Rank-biased overlap estimate: 0.7231


In [32]:
from rbo import average_overlap

reference_overlap = average_overlap(steam_ranking,
                                    steamdb_ranking)

print('Average overlap = {:.4f}'.format(reference_overlap))

Average overlap = 0.6802


## Rank-order correlation coefficients

Reference: https://en.wikipedia.org/wiki/Rank_correlation

### Install

In [33]:
%pip install scipy



### Convert rankings for scipy

In [35]:
app_ids = sorted(set(steam_ranking).union(steamdb_ranking))
print('#appIDs = {}'.format(len(app_ids)))

#appIDs = 316


In [62]:
import numpy as np

def convert_ranking(ranking, app_ids, reverse_order=False):
  v = np.zeros(len(app_ids)).astype(np.int)

  # Initialize v
  out_of_bound_rank = len(ranking) + 1
  v += out_of_bound_rank

  for rank, app_id in enumerate(ranking, start=1):
    v[app_ids.index(app_id)] = rank

  if reverse_order:
    # It is important the the ranks are non-negative for weighted tau!
    v = out_of_bound_rank - v + 1

  return v

In [63]:
# Examples
ranking = ["a", "c", "b", "d"]
references = 'abcd'

converted_ranking = convert_ranking(ranking, references, reverse_order=False)
print({k:v for (k,v) in zip(references, converted_ranking)})

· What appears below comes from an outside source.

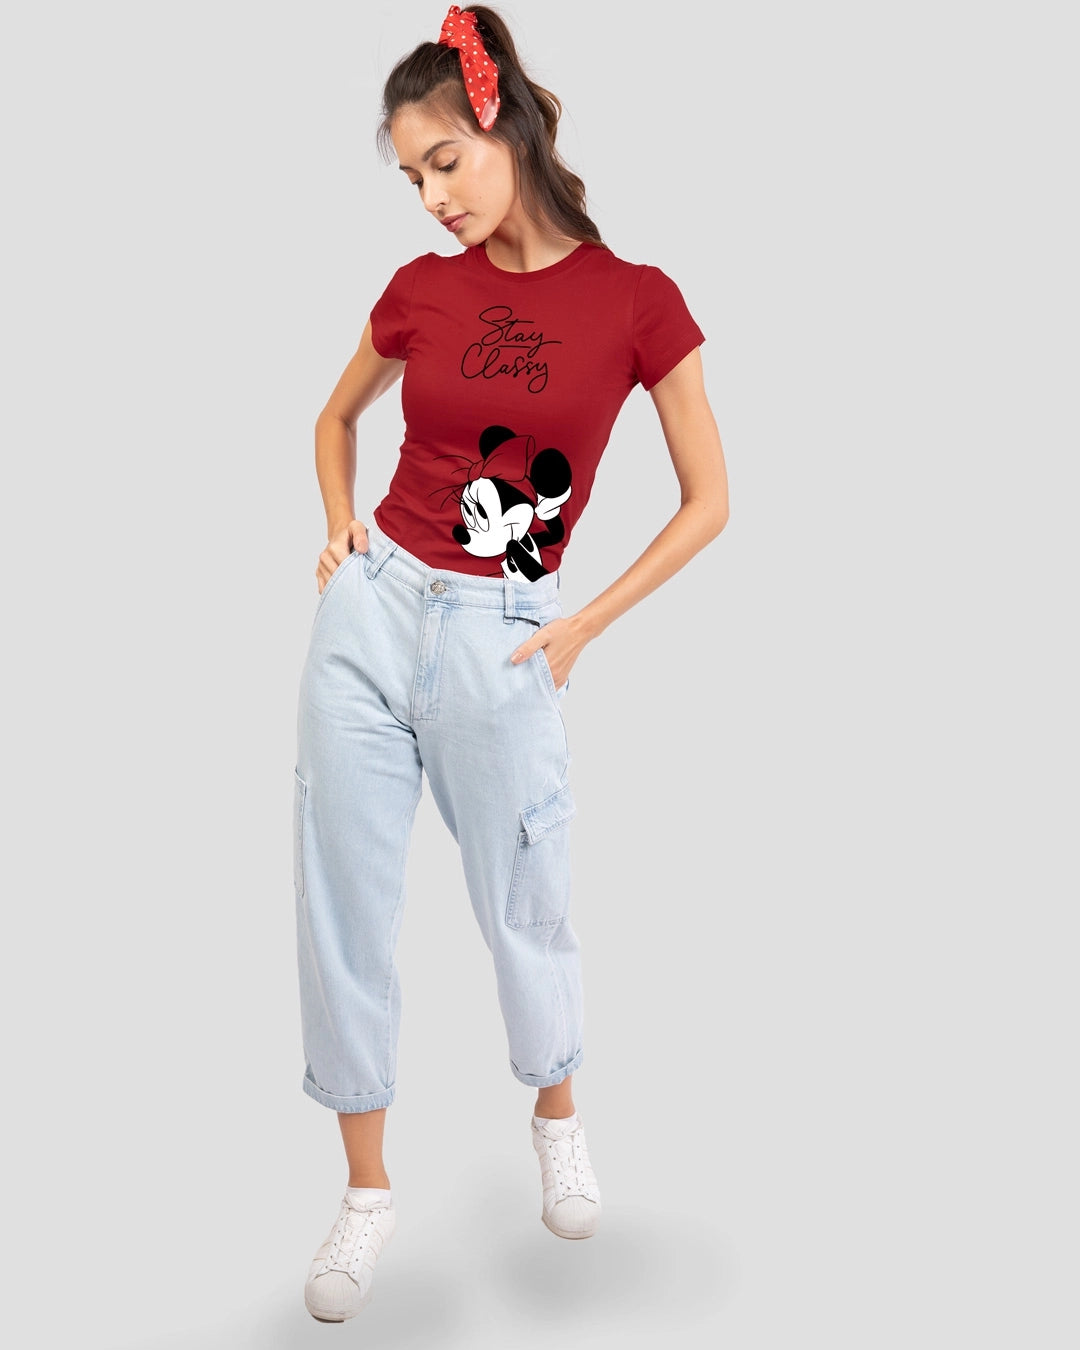 Women's Red Stay Classy Minnie Slim Fit T-shirt

converted_ranking_rev = convert_ranking(ranking, references, reverse_order=True)
print({k:v for (k,v) in zip(references, converted_ranking_rev)})

{'a': 1, 'b': 3, 'c': 2, 'd': 4}
{'a': 5, 'b': 3, 'c': 4, 'd': 2}


### Spearman rho coefficient

Reference: http://scipy.github.io/devdocs/generated/scipy.stats.spearmanr.html#scipy.stats.spearmanr

In [119]:
from scipy import stats

# TODO: investigate what this does if the rankings are fed this way.
rho, p_value = stats.spearmanr(steam_ranking, 
                               steamdb_ranking)

print('Spearman rank-order correlation coefficient: {:.4f}'.format(rho))
print('p-value to test for non-correlation: {:.4f}'.format(p_value))

Spearman rank-order correlation coefficient: -0.0662
p-value to test for non-correlation: 0.2968


In [103]:
# Arrays of rankings
# NB: we would get the same rho with arrays of scores.

x = convert_ranking(steam_ranking, 
                    app_ids=app_ids)

y = convert_ranking(steamdb_ranking, 
                    app_ids=app_ids)

In [104]:
from scipy import stats

rho, p_value = stats.spearmanr(x, y)

print('Spearman rank-order correlation coefficient: {:.4f}'.format(rho))
print('p-value to test for non-correlation: {:.4f}'.format(p_value))

Spearman rank-order correlation coefficient: 0.4367
p-value to test for non-correlation: 0.0000


### Kendall's tau coefficient

Reference: http://scipy.github.io/devdocs/generated/scipy.stats.kendalltau.html#scipy.stats.kendalltau

In [118]:
from scipy import stats

# TODO: investigate what this does if the rankings are fed this way.
tau, p_value = stats.kendalltau(steam_ranking,
                                steamdb_ranking)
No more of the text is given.